Enhanced oxygen reduction of multi-Fe3O4@carbon core–shell electrocatalysts through a nanoparticle/polymer co-assembly strategy

Abstract

This paper reports a facile synthesis of multi-Fe₃O₄@carbon (mFe₃O₄@C) core–shell nanoparticles (NPs) using co-assembly of Fe₃O₄ NPs and polystyrene-b-poly(ethylene oxide) (PS-b-PEO) as a template. Slow solvent exchange leads to multiple tiny hydrophobic Fe₃O₄ NPs entrapped within PS-b-PEO micelles. After polydopamine coating and subsequent carbonization, a carbon shell encapsulating multiple Fe₃O₄ cores is obtained. The significant features of mFe₃O₄@C lie in the more active Fe₃O₄ sites and available free space within the carbon shell.

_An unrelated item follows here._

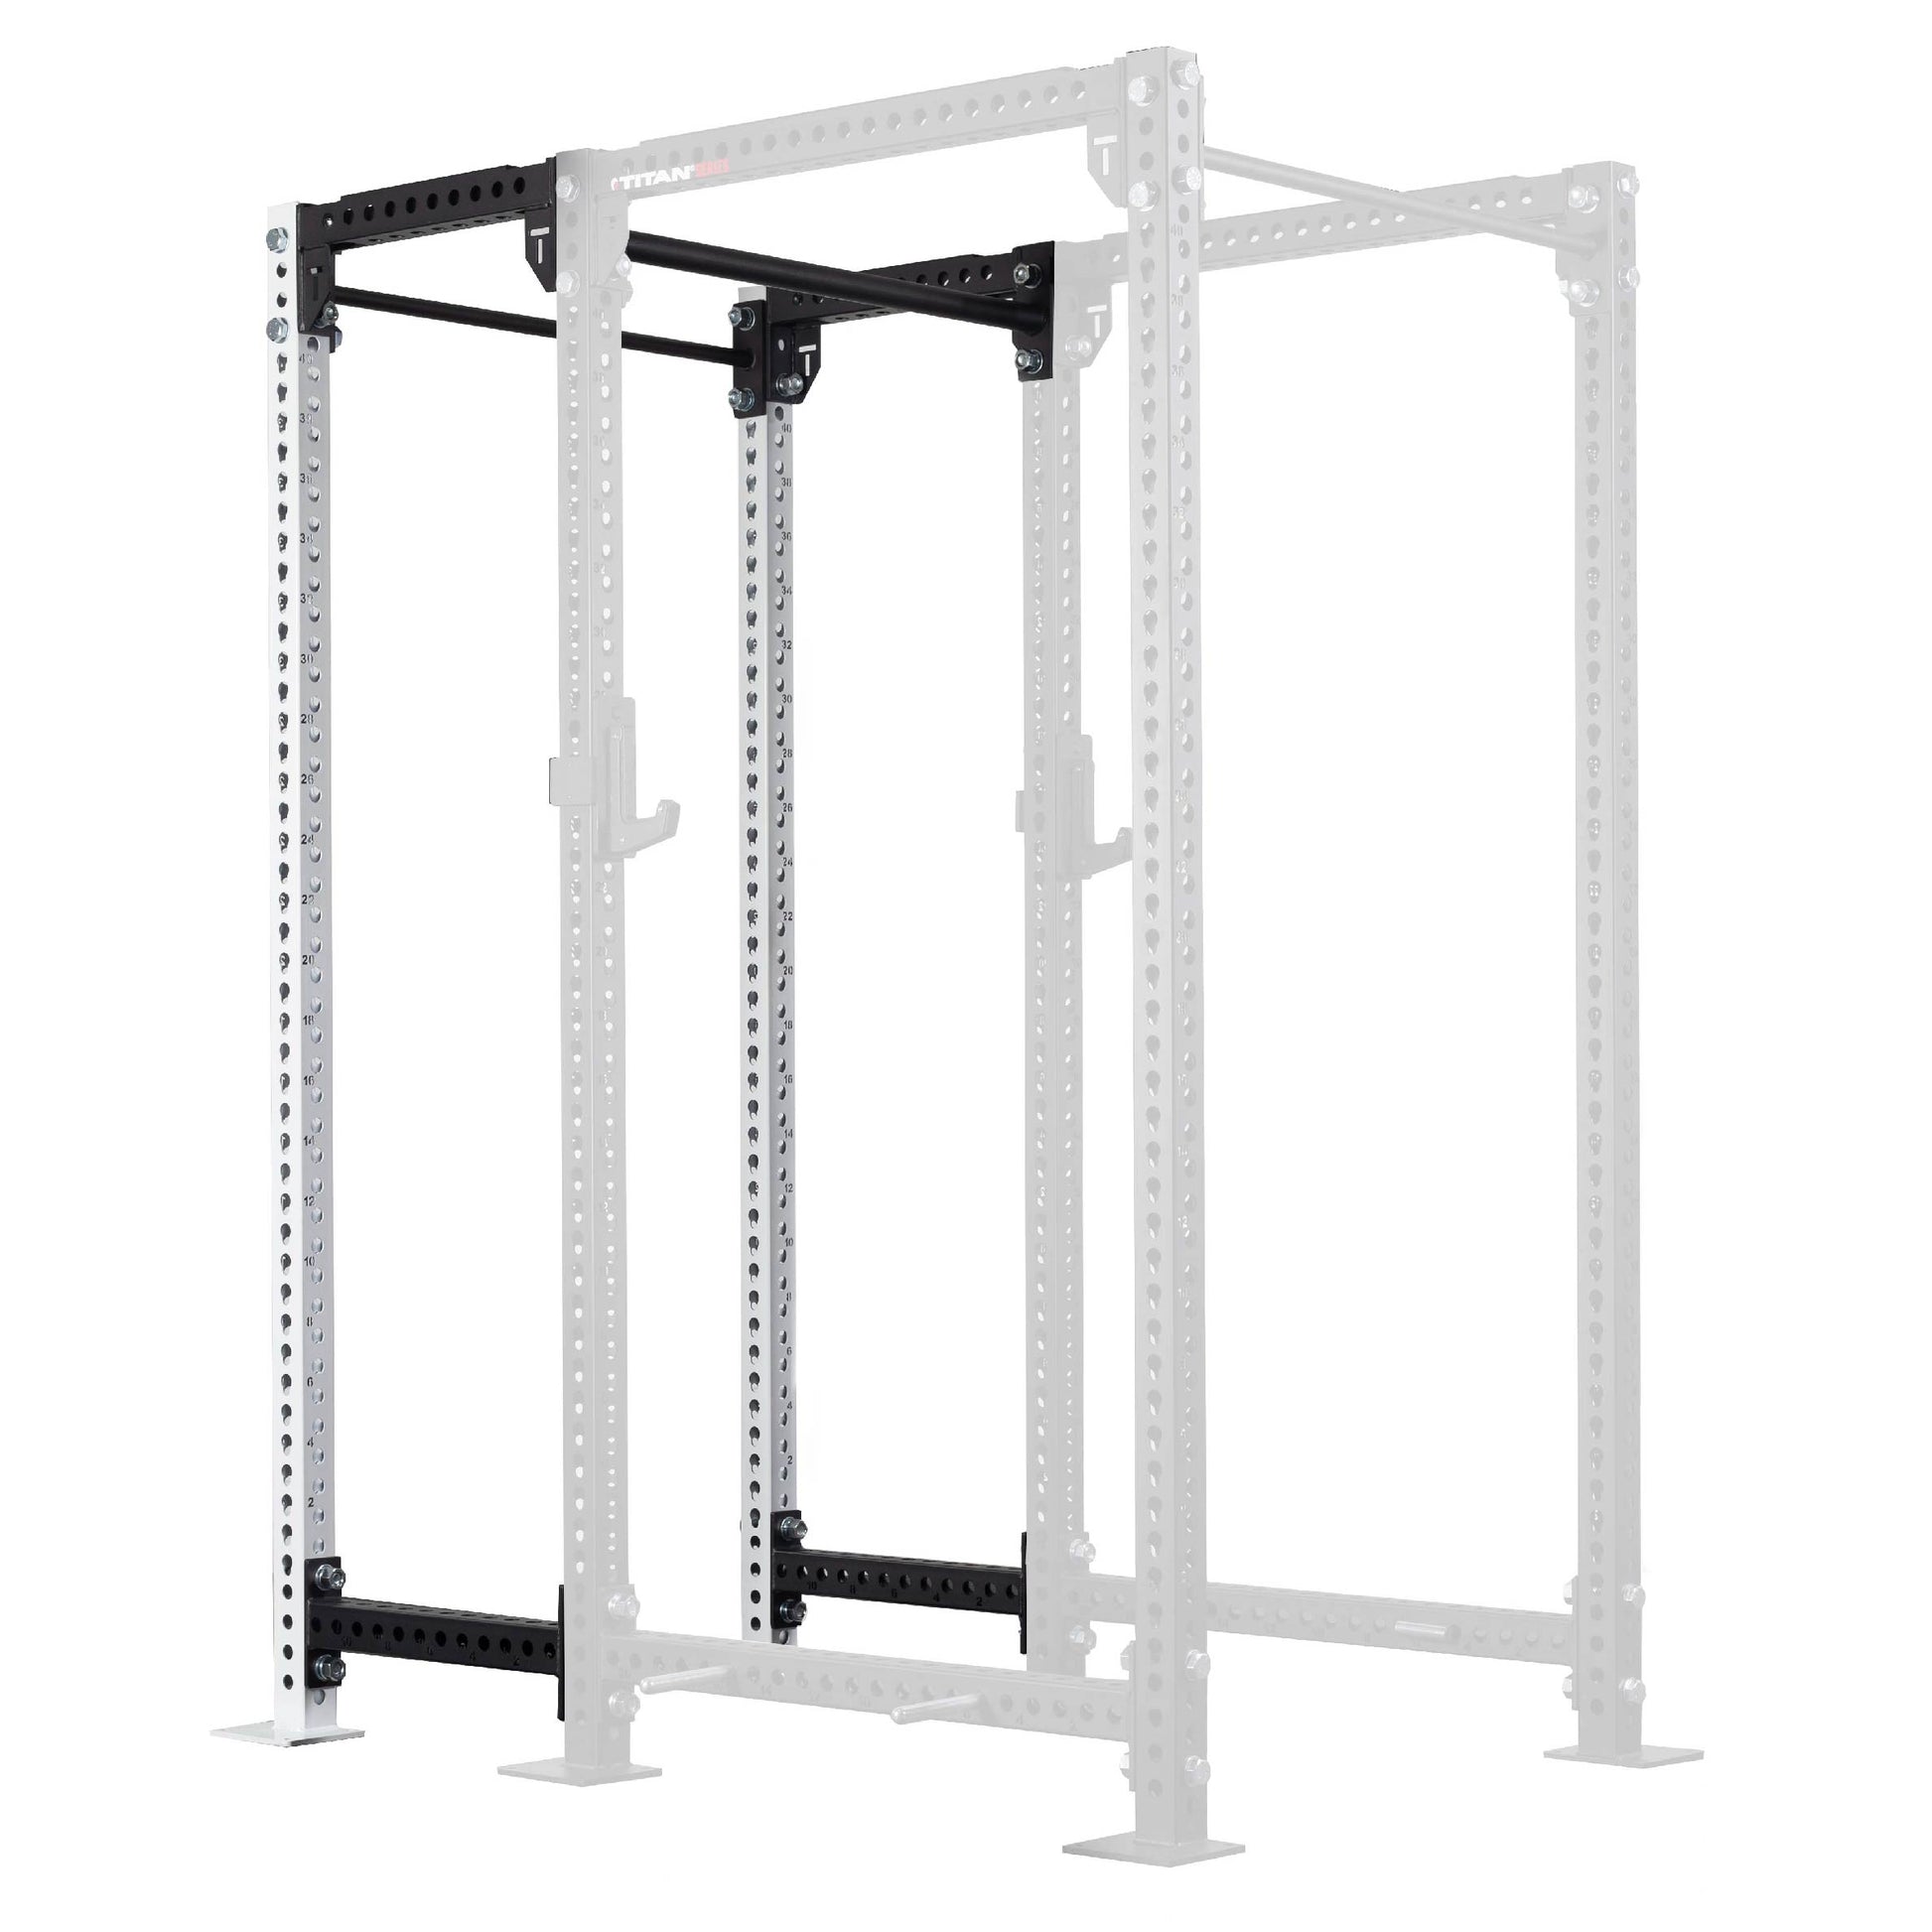 TITAN Series 24" Extension Kit - Extension Color: White - Extension Height: 100" - Crossmember: 1.25" Pull-Up Bar | White / 100" / 1.25" Pull-Up Bar

As a result, the oxygen reduction performance of the resultant mFe₃O₄@C shows a higher onset potential than that of single Fe₃O₄@C. Meanwhile, mFe₃O₄@C exhibits a larger limiting current density (5.2 mA cm⁻² at 1.0 V), long-time stability, and methanol tolerance compared to commercial Pt/C. The generality of the micellar immobilized NPs as a template is expected to boost the fabrication of various core–shell NPs for practical applications.